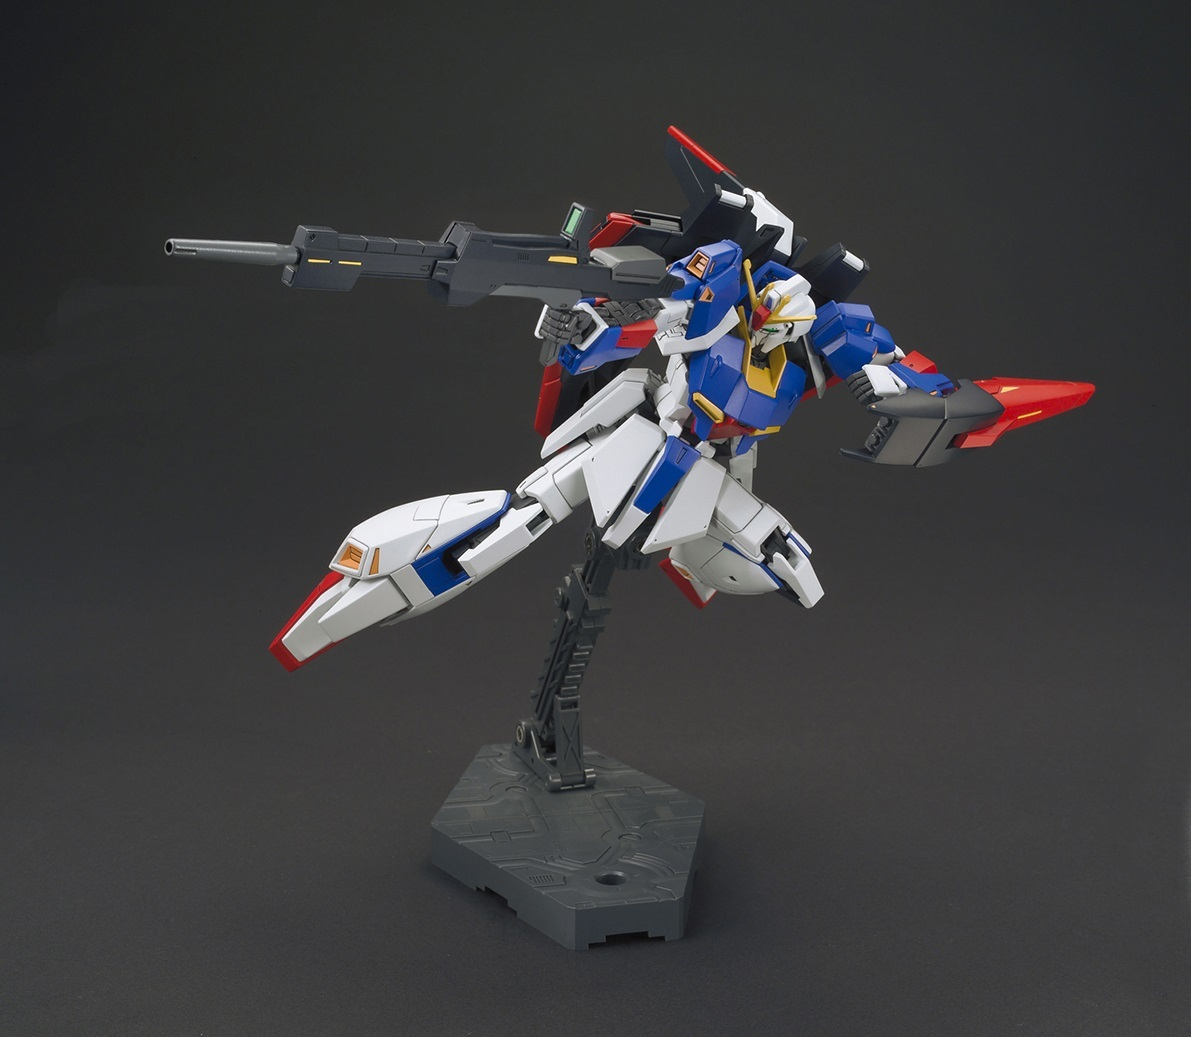 HGUC 1/144 Zeta Gundam - Model Kit (Gunpla Evolution Project) image
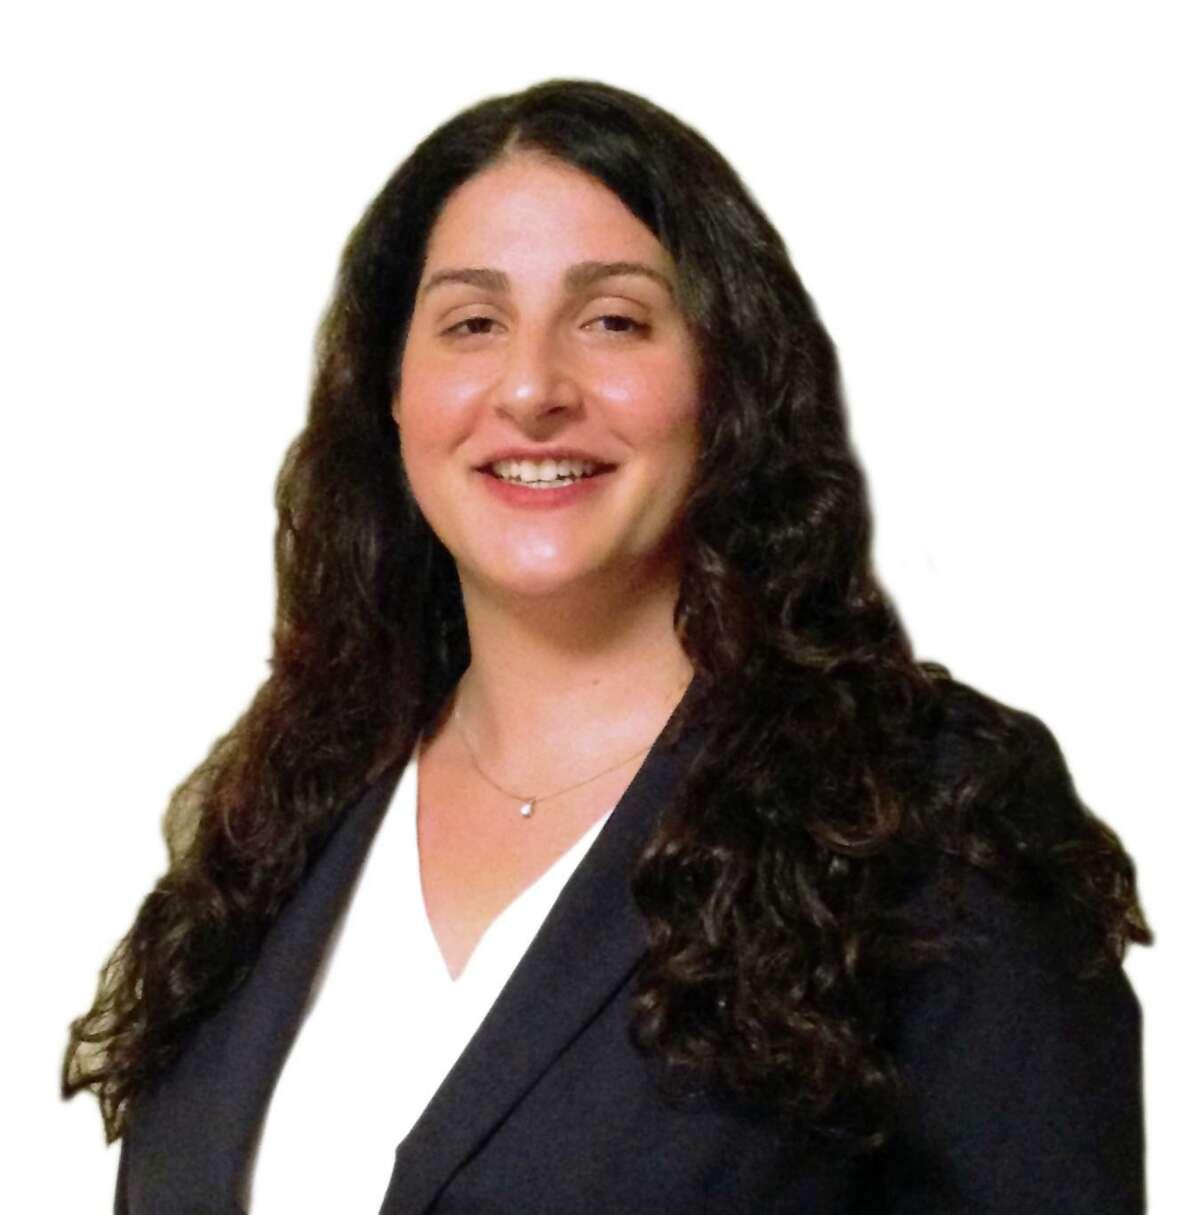 Patrizia Zucaro
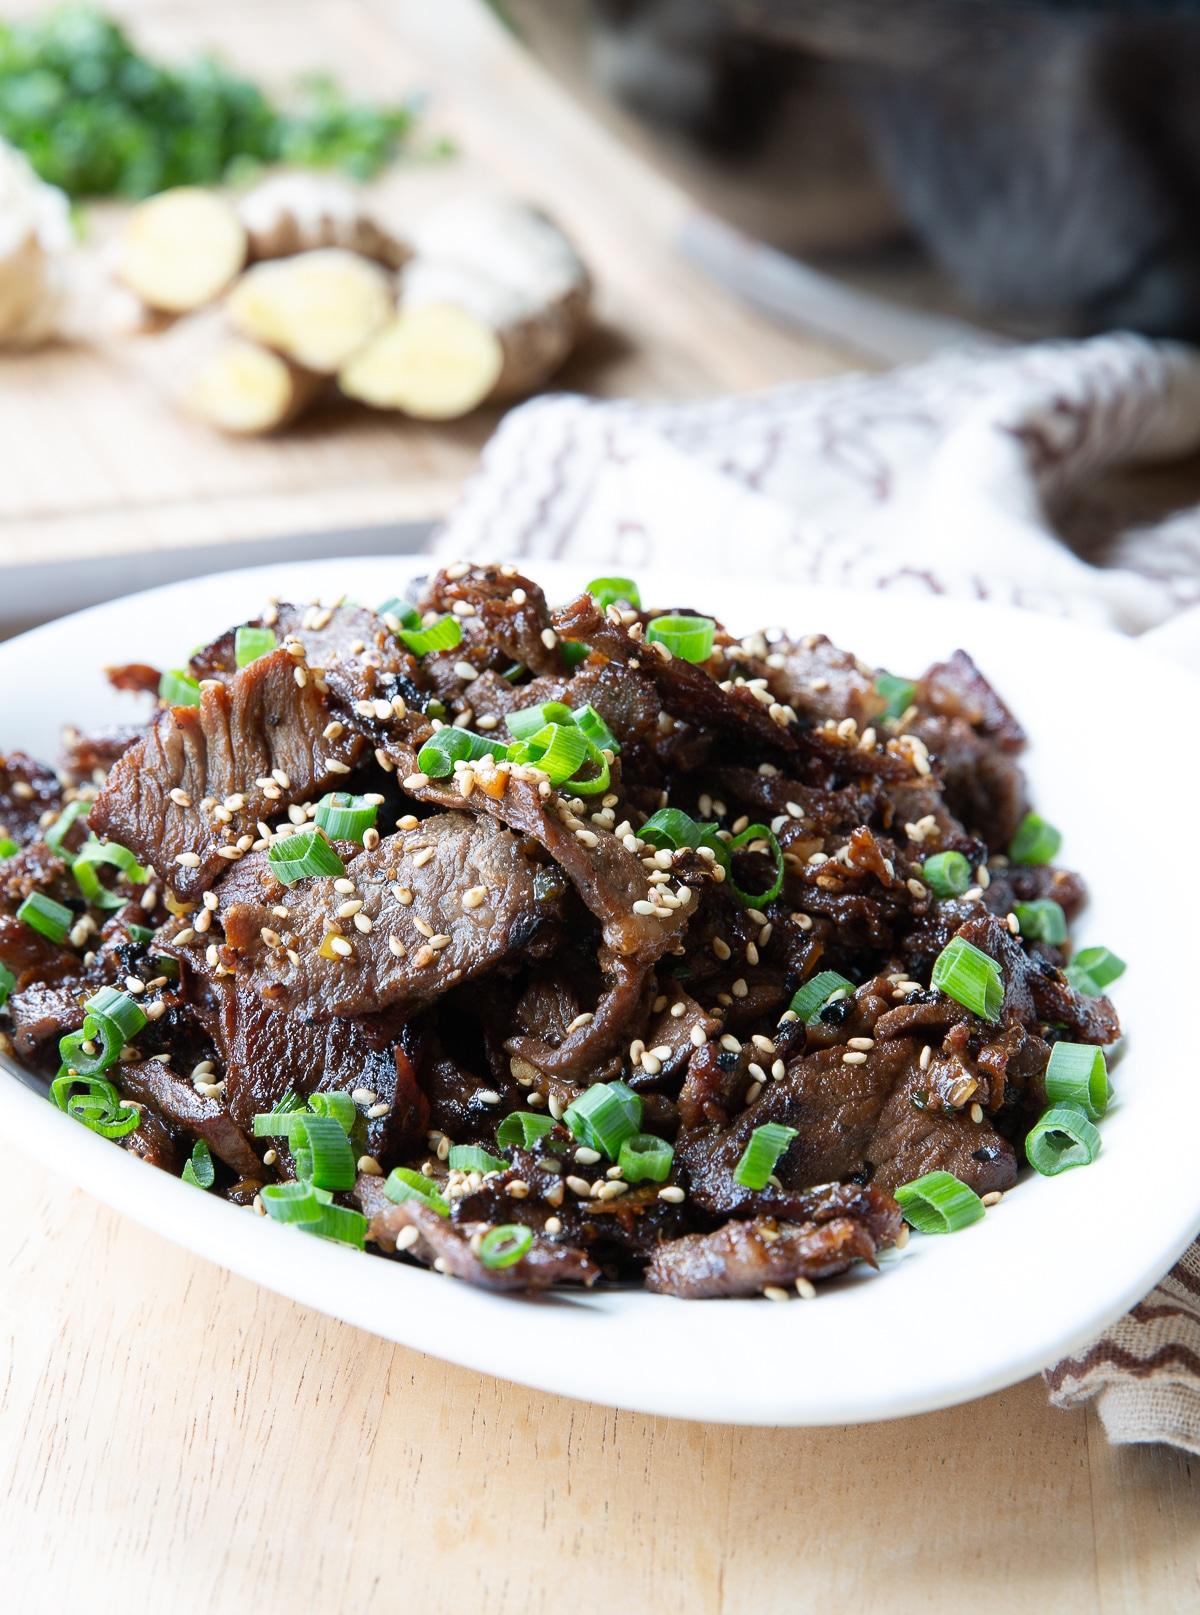 Bulgogi Beef Recipe #ASpicyPerspective #KoreanBBQ #KoreanBBQRecipe #KoreanBeef #Bulgogi #BulgogiRecipe #Beef #BeefBulgogi #Dinner #Asian
+ + +
◆ **TASK ITEM**
Write out the data above in full and exactly, but not the pictures.

◆ **RESULT BELOW**
 HGUC 1/144 Zeta Gundam - Model Kit (Gunpla Evolution Project) image
 Patrizia Zucaro
 Bulgogi Beef Recipe #ASpicyPerspective #KoreanBBQ #KoreanBBQRecipe #KoreanBeef #Bulgogi #BulgogiRecipe #Beef #BeefBulgogi #Dinner #Asian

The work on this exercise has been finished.